Kaunas Sports Hall
- Interactive map of Kaunas Sports Hall
- Location: Kaunas, Lithuania
- Coordinates: 54°53′46″N 23°56′09″E﻿ / ﻿54.89611°N 23.93583°E
- Capacity: 2,500 (seated); up to 4,000 (with standing zone)

Construction
- Groundbreaking: December 5, 1938
- Opened: May 21, 1939
- Cost: 400,000 LTL
- Architect: Anatolijus Rozenbliumas
- Builder: Povilas Dėdelė Co.

Tenants
- FK Kauno Žalgiris (futsal) (2022-Present) BC Žalgiris (1944-2011)

Website
- stadionas.lt

= Kaunas Sports Hall =

Lithuanian basketball arena

Kaunas Sports Hall (Kauno sporto halė), also known as the S. Darius and S. Girėnas Hall is the second largest arena of Kaunas, Lithuania. It is the first arena built in the residential Žaliakalnis neighbourhood of Kaunas specially for basketball in Europe and is referred to as a "Mecca of the Lithuanian basketball". The arena's seating capacity is 2,500. Initial seating capacity was 3,500 and the other spectators (up to 11,000) used to have standing room. Its length is 62.8 m and its width is 61 m. It is a part of the S. Darius and S. Girėnas sport center, which also includes the nearby national stadium.

The arena generally hosts basketball games and concerts.

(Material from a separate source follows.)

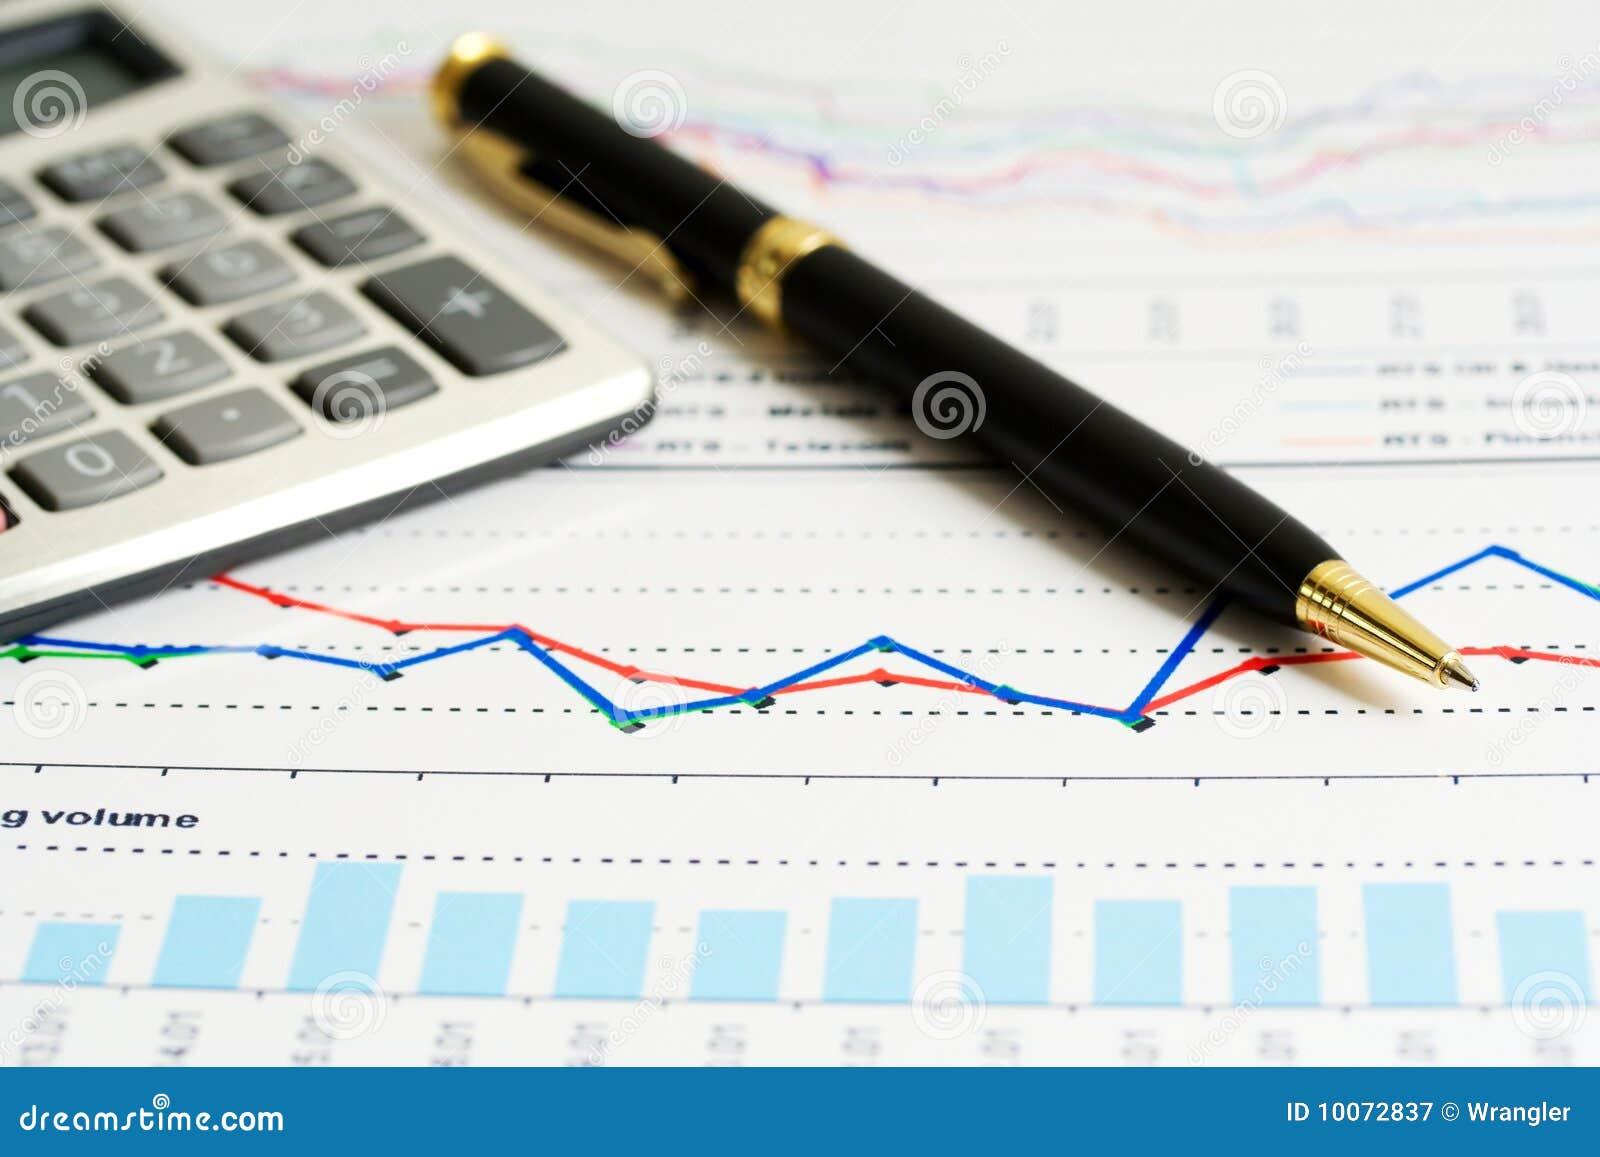 Financial Accounting Market Graphs Analysis Photo – Stock Market Analysis

It has served as the home court for Žalgiris basketball club, competing in the Euroleague and the LKL League till the middle of 2011. It was also used by the Granitas Kaunas team handball club.

Kaunas Sports Hall belongs to Žalgiris Group, which operates Darius and Girėnas Stadium and Žalgirio Arena, which are the largest structures of their kind in the Baltic States.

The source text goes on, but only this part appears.